- November 20, 2013
Post submitted by Tushar M, HRC Global Engagement Fellow
Today Scotland’s Marriage and Civil Partnerships Bill, which aims to extend marriage rights to same-sex partners, passed the first of three stages in the Scottish Parliament, with a staggering majority of 98 votes to 15 and 5 abstentions. This is the first time Members of the Scottish Parliament have voted on same-sex marriage.
Civil partnerships have been legal in the UK since 2004 and give same-sex couples most of the rights of married couples. Scotland and Northern Ireland began the debate around marriage equality in 2011, after the Scottish Government held a consultation on not only removing religious prohibitions for civil partnerships but also legalizing same-sex marriage within that country.
Should the current legislation move forward, marriage equality could come to Scotland in early 2014. Conservative members of the Scottish Parliament are speaking up against the bill calling it an “undermining to traditional marriage” and have voiced concerns about members having being pressured into vote “Yes” just to avoid being branded as homophobic. Though the Catholic Church and Church of Scotland oppose the legislation, there remains many supportive religious leaders who support same-sex marriage in Scotland.
Earlier this month, the Prime Minister of Ireland finally came out in support of same-sex marriage, setting in motion the initial stages of a referendum on same-sex marriage set to be held in Spring 2015.
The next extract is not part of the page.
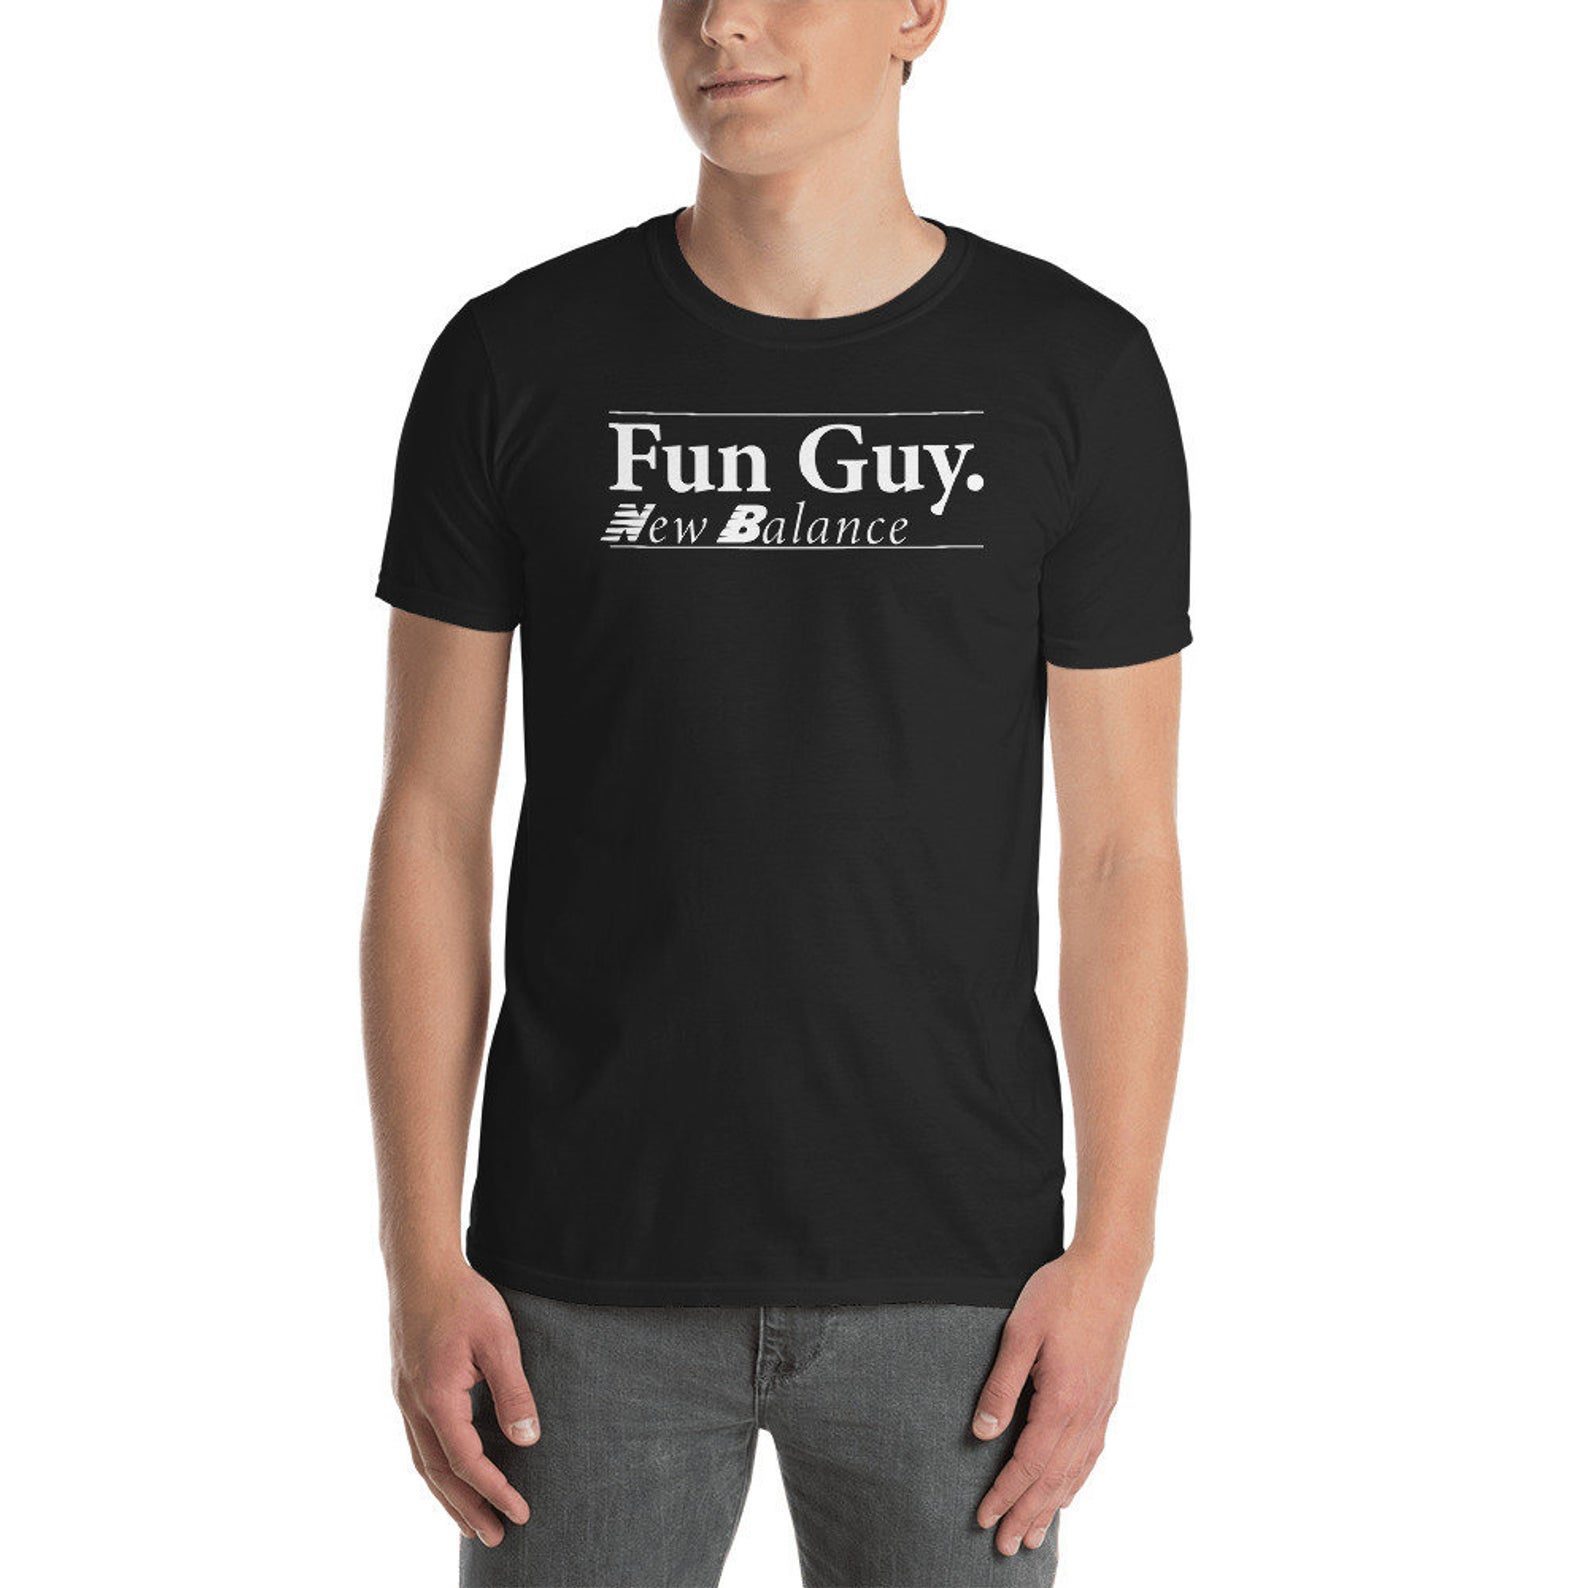 fun guy new balance shirt for sale

Currently, fifteen countries have marriage equality nationwide (Netherlands, Belgium, Spain, Canada, South Africa, Norway, Sweden, Portugal, Iceland, Argentina, Denmark, France, Brazil, Uruguay, and New Zealand) with one other country – England and Wales – nearly there after Queen Elizabeth gave her royal assent to marriage equality legislation approved by both houses of parliament.